I would like to obtain the gradient vector and Hessian matrix for the following function:
$$f(\boldsymbol{\theta}) = \mathrm{real}\{u(\boldsymbol{\theta})^H\Gamma u(\boldsymbol{\theta})\}$$
where $u(\boldsymbol{\theta}) = \boldsymbol{u} = [e^{j\theta_1}, e^{j\theta_2}, \cdots, e^{j\theta_K}]^H$, $\boldsymbol{\theta} = [\theta_1, \theta_2, \cdots, \theta_K]^T \in \mathbb{R}^{K \times 1}$, $\Gamma \in \mathbb{C}^{K \times K}$, and $j = \sqrt{-1}$.
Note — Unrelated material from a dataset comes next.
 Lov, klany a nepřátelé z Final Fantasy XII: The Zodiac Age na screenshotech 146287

From my low level of understanding, the gradient vector should look something like:
$$\boldsymbol{g} = g(\boldsymbol{\theta}) = \frac{\partial}{\partial \boldsymbol{\theta}} (\boldsymbol{u}^{H}\Gamma \boldsymbol{u}) = \frac{\partial \boldsymbol{u}}{\partial \boldsymbol{\theta}} \Gamma \boldsymbol{u} + \frac{\partial \boldsymbol{u}}{\partial \boldsymbol{\theta}} \Gamma^H \boldsymbol{u} = \frac{\partial \boldsymbol{u}}{\partial \boldsymbol{\theta}} \hat{\Gamma} \boldsymbol{u}$$
where $\hat{\Gamma} = \Gamma + \Gamma^H$.
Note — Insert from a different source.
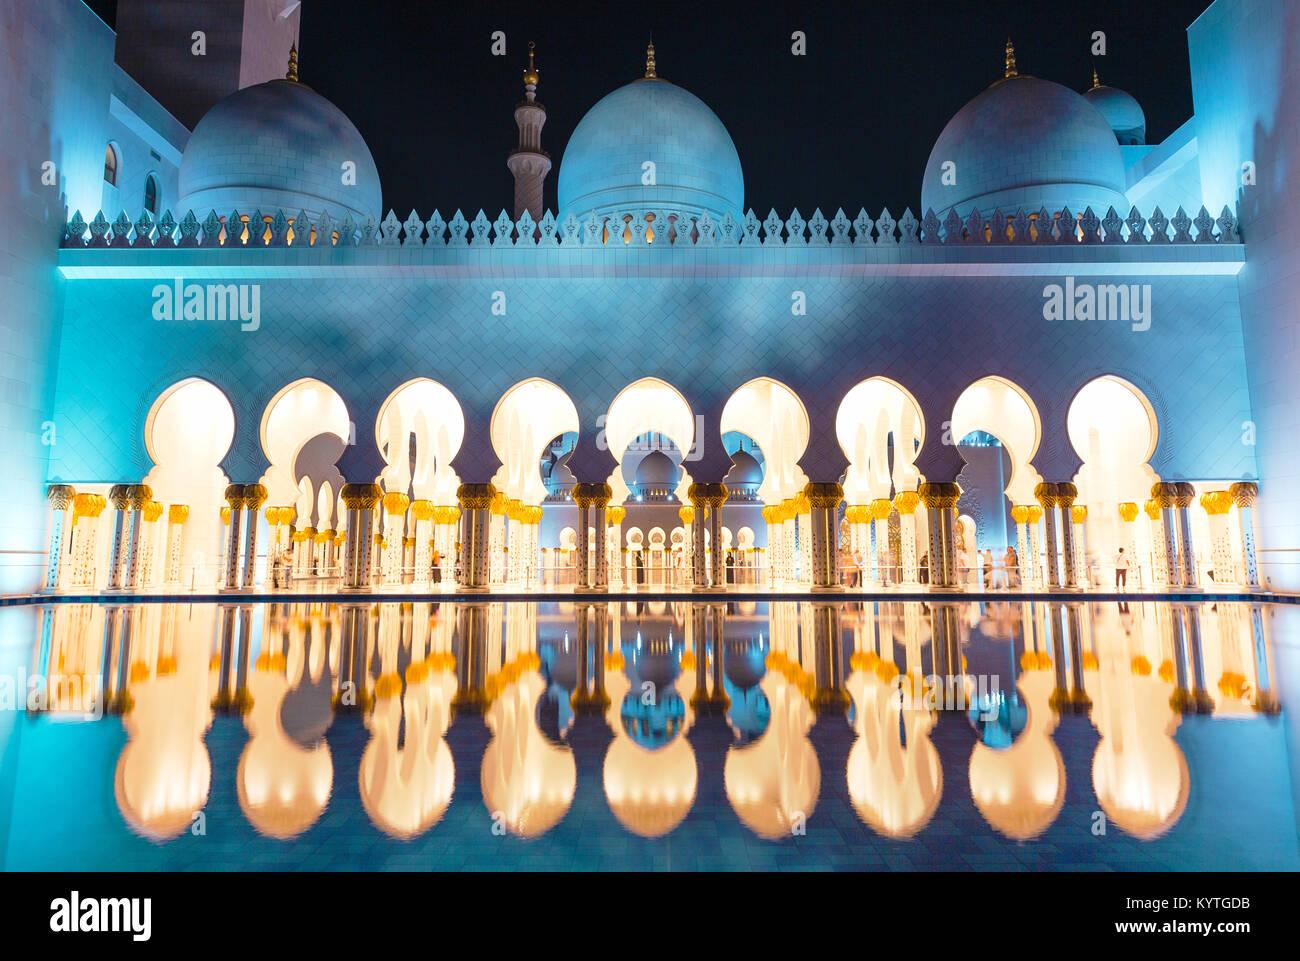 Sheik Zayed de Abu Dhabi gran mezquita de noche. Arabian Nights. imaginación soñadora maravilla del mundo. Imagen De Stock

If this is correct, then $\frac{\partial \boldsymbol{u}}{\partial \boldsymbol{\theta}} \in \mathbb{C}^{K \times K}$ for $\boldsymbol{g}$ to be a $K \times 1$ vector. Is $\frac{\partial \boldsymbol{u}}{\partial \boldsymbol{\theta}}$ therefore a diagonal matrix with $i$th diagonal entry equal to $\frac{\partial \boldsymbol{u}}{\partial \theta_i} = -je^{-j\theta_i}$?
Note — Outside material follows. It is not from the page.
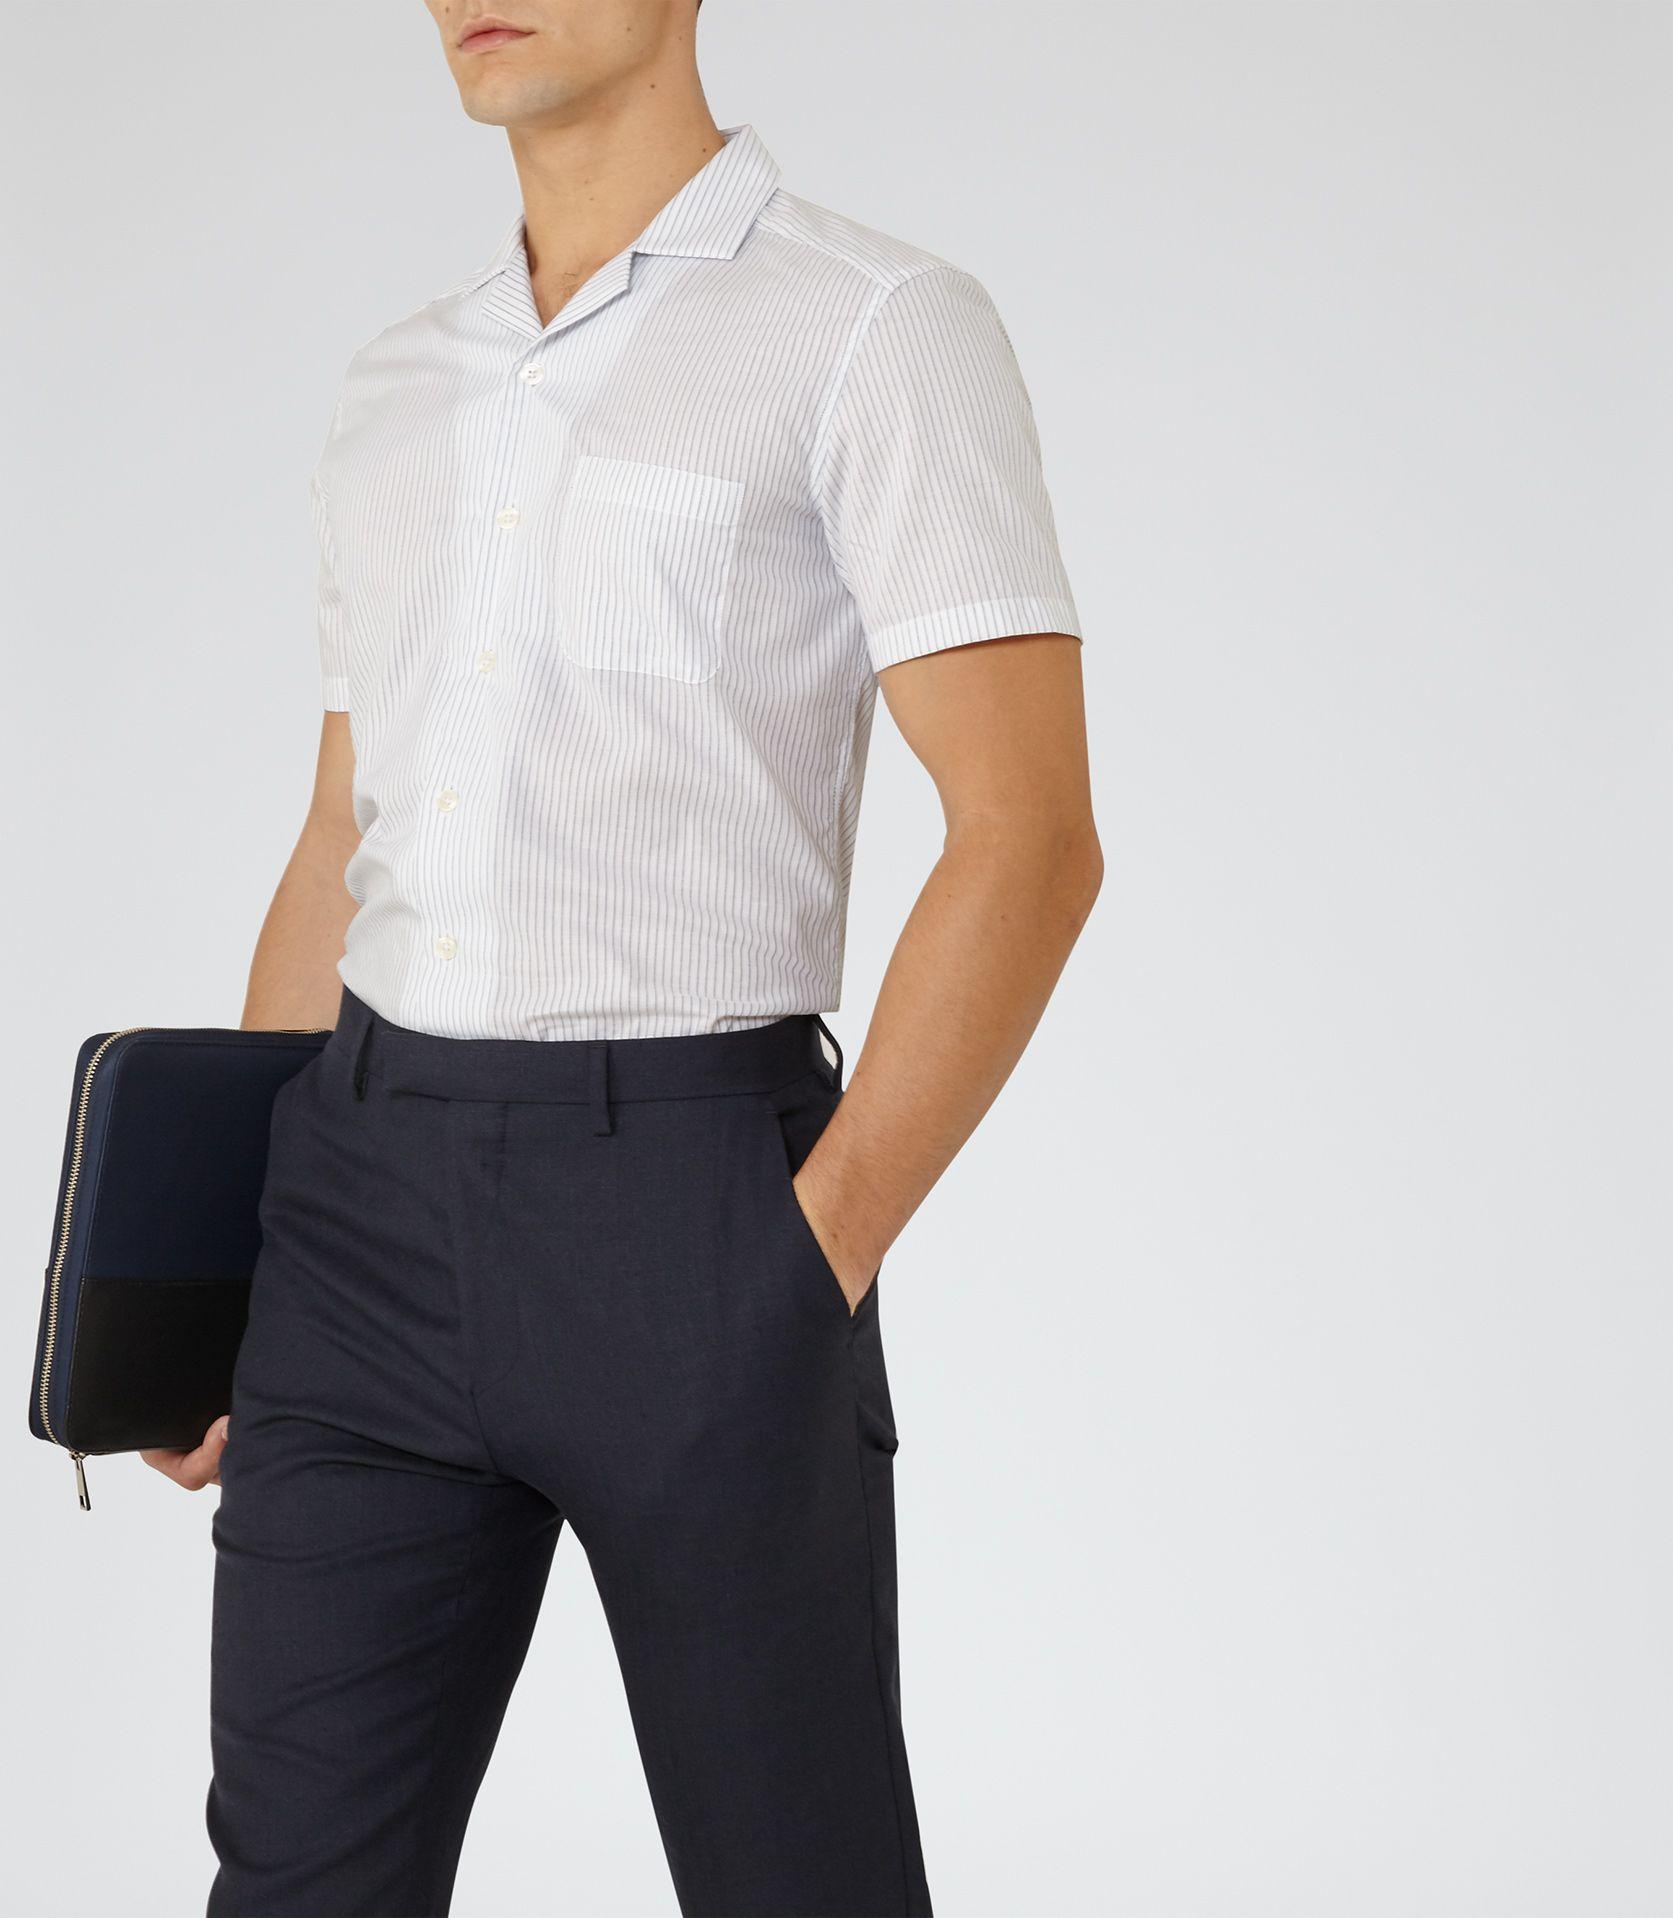 2daa5a644 Mens White Stripe Cuban Collar Shirt - Reiss Scarlet

The Hessian matrix should then be given by
$$\boldsymbol{H} = H(\boldsymbol{\theta}) = \frac{\partial }{\partial \boldsymbol{\theta}^T}(\frac{\partial \boldsymbol{u}}{\partial \boldsymbol{\theta}} \hat{\Gamma} \boldsymbol{u}) = \frac{\partial \boldsymbol{u}}{\partial \boldsymbol{\theta}}\hat{\Gamma} \frac{\partial \boldsymbol{u}}{\partial \boldsymbol{\theta}} + \mathrm{diag}\{\boldsymbol{u}^H\hat{\Gamma}^H\frac{\partial^2 \boldsymbol{u}}{\partial \boldsymbol{\theta}\partial \boldsymbol{\theta}^T}\}$$
with $\frac{\partial^2 \boldsymbol{u}}{\partial \boldsymbol{\theta}\partial \boldsymbol{\theta}^T}$ equal to a $K \times K$ diagonal matrix with $i$th diagonal entry equal to $\frac{\partial^2 \boldsymbol{u}}{\partial {\theta}_i \partial {\theta}_i} = -e^{j\theta_i}$. Here I believe the $\mathrm{diag}\{\cdot\}$ function is required to convert the $1 \times K$ vector $\boldsymbol{u}^H\hat{\Gamma}^H\frac{\partial^2 \boldsymbol{u}}{\partial \boldsymbol{\theta}\partial \boldsymbol{\theta}^T}$ into a $K \times K$ matrix; however, I am not confident about this.
The above equations produce $\boldsymbol{g} \in \mathbb{C}^{K \times 1}$ and $\boldsymbol{H} \in \mathbb{C}^{K \times K}$. Given that both $f(\boldsymbol{\theta})$ and $\boldsymbol{\theta}$ are real valued, should some modifications be made to $\boldsymbol{g}$ and $\boldsymbol{H}$ to produce a real vector and matrix, respectively? (For example, by taking only the real or imaginary component of $\boldsymbol{g}$ and $\boldsymbol{H}$.)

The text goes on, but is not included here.